*GIVEN MATERIAL*.

>>>

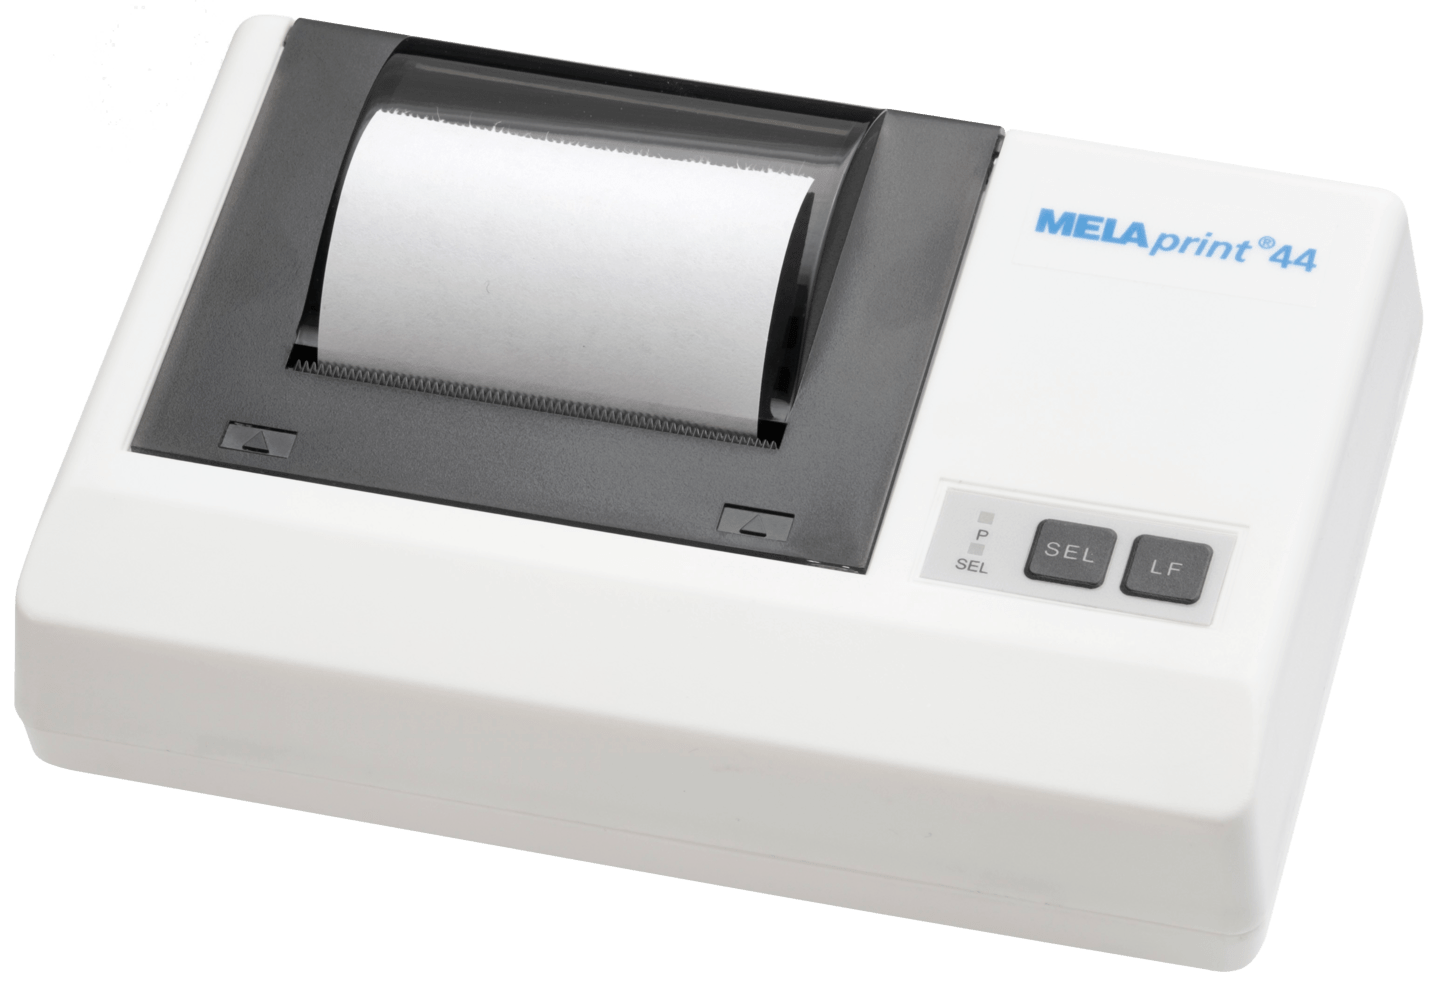 MELAG - MELAprint 44 Protokolldrucker in weiß
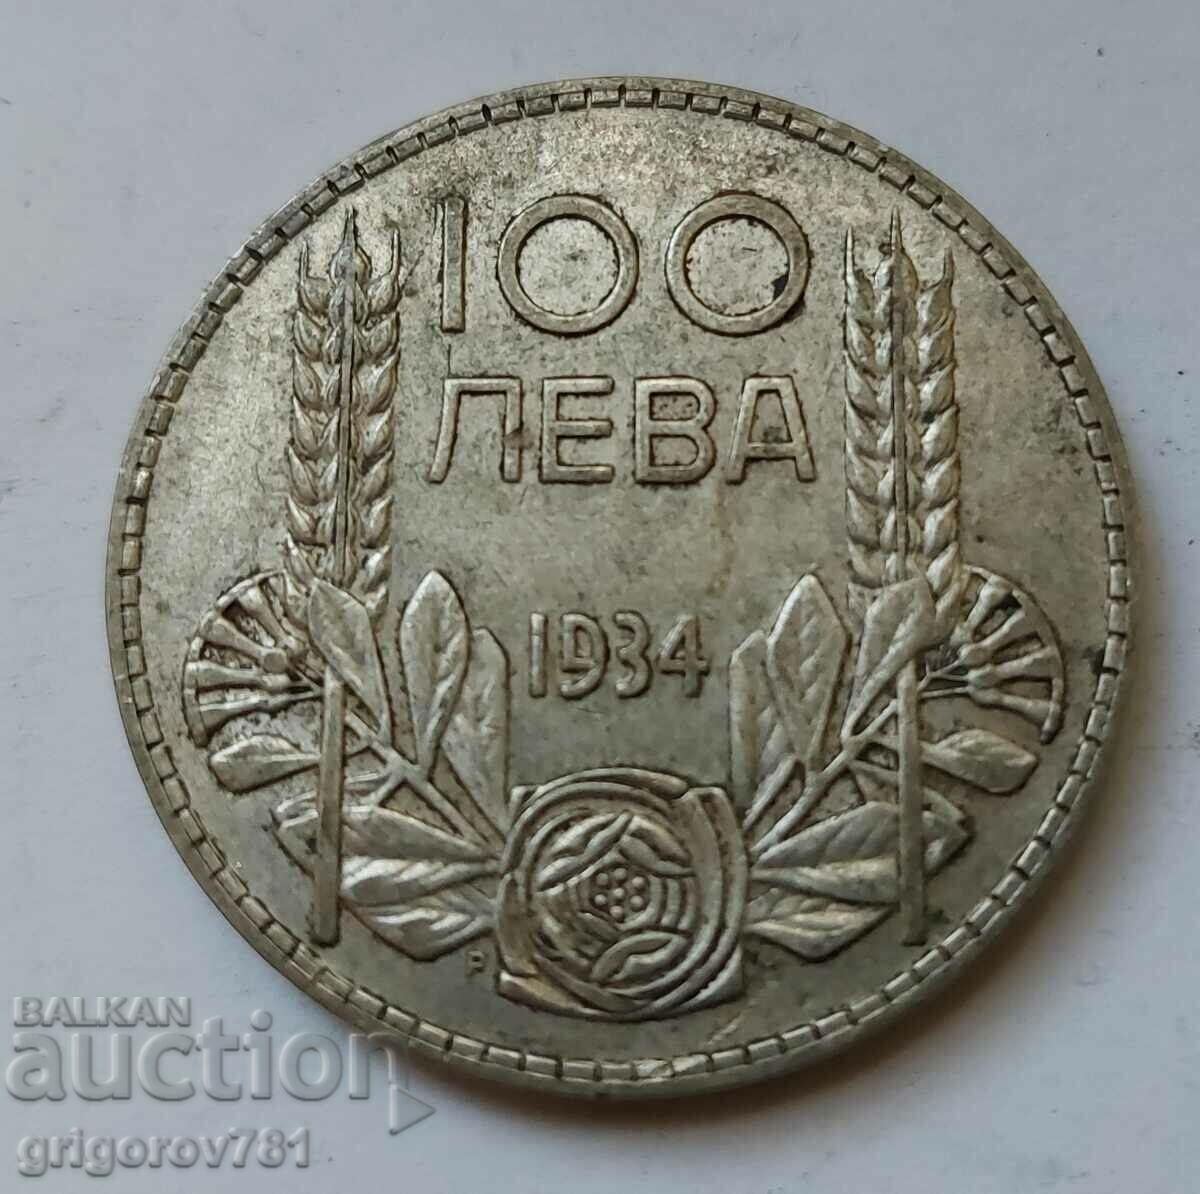 100 leva silver Bulgaria 1934 - silver coin #117
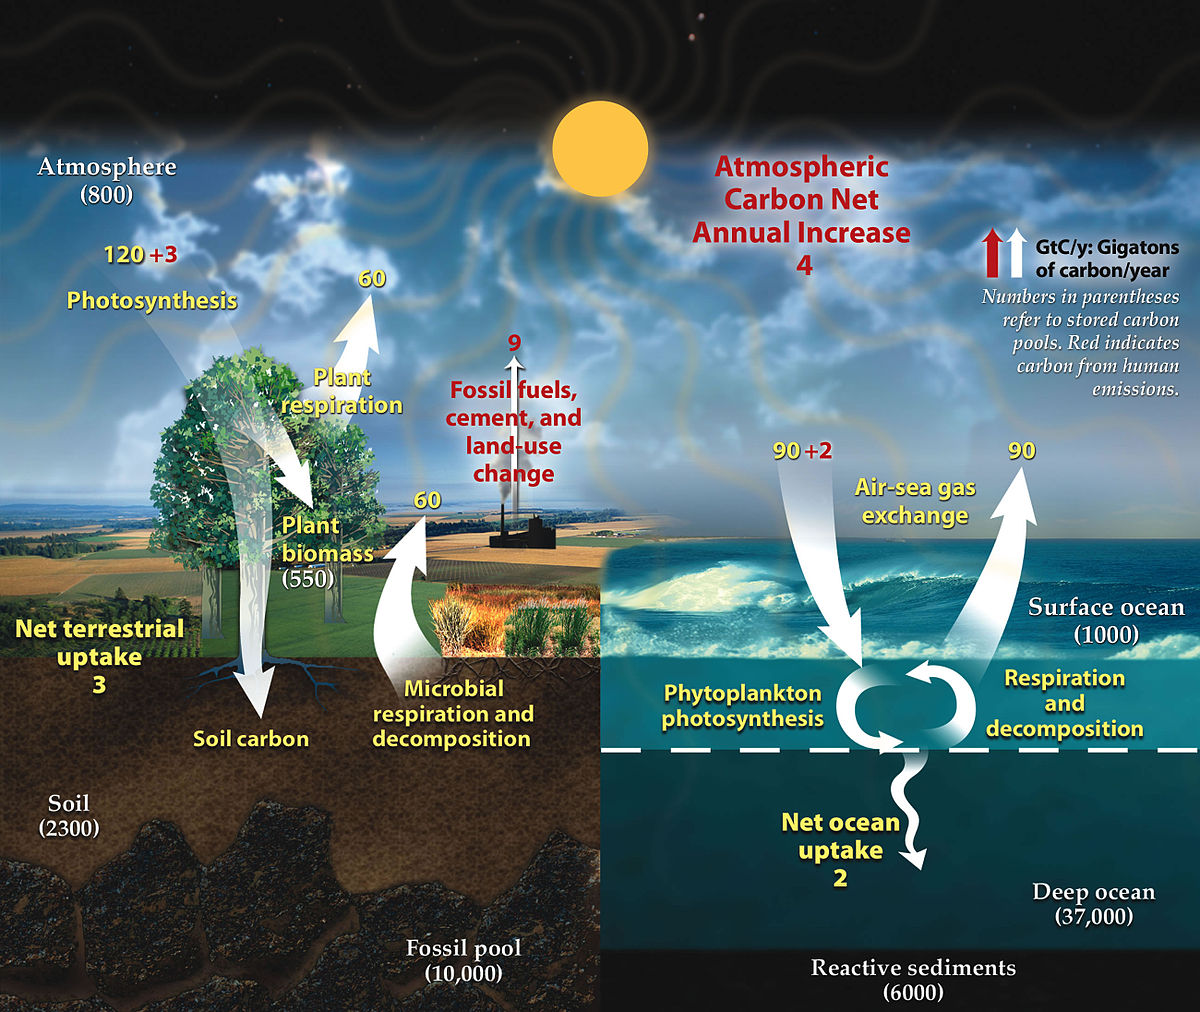 يجري تبادل كثير من ثاني أكسيد الكربون بين الغلاف الحيوي والغلاف الجوي.

<<<

*HOW TO COMPLETE THIS TASK*. Copy the whole of the material above exactly, and exclude every picture.

*EXERCISE RESULT*.
 MELAG - MELAprint 44 Protokolldrucker in weiß
 100 leva silver Bulgaria 1934 - silver coin #117
 يجري تبادل كثير من ثاني أكسيد الكربون بين الغلاف الحيوي والغلاف الجوي.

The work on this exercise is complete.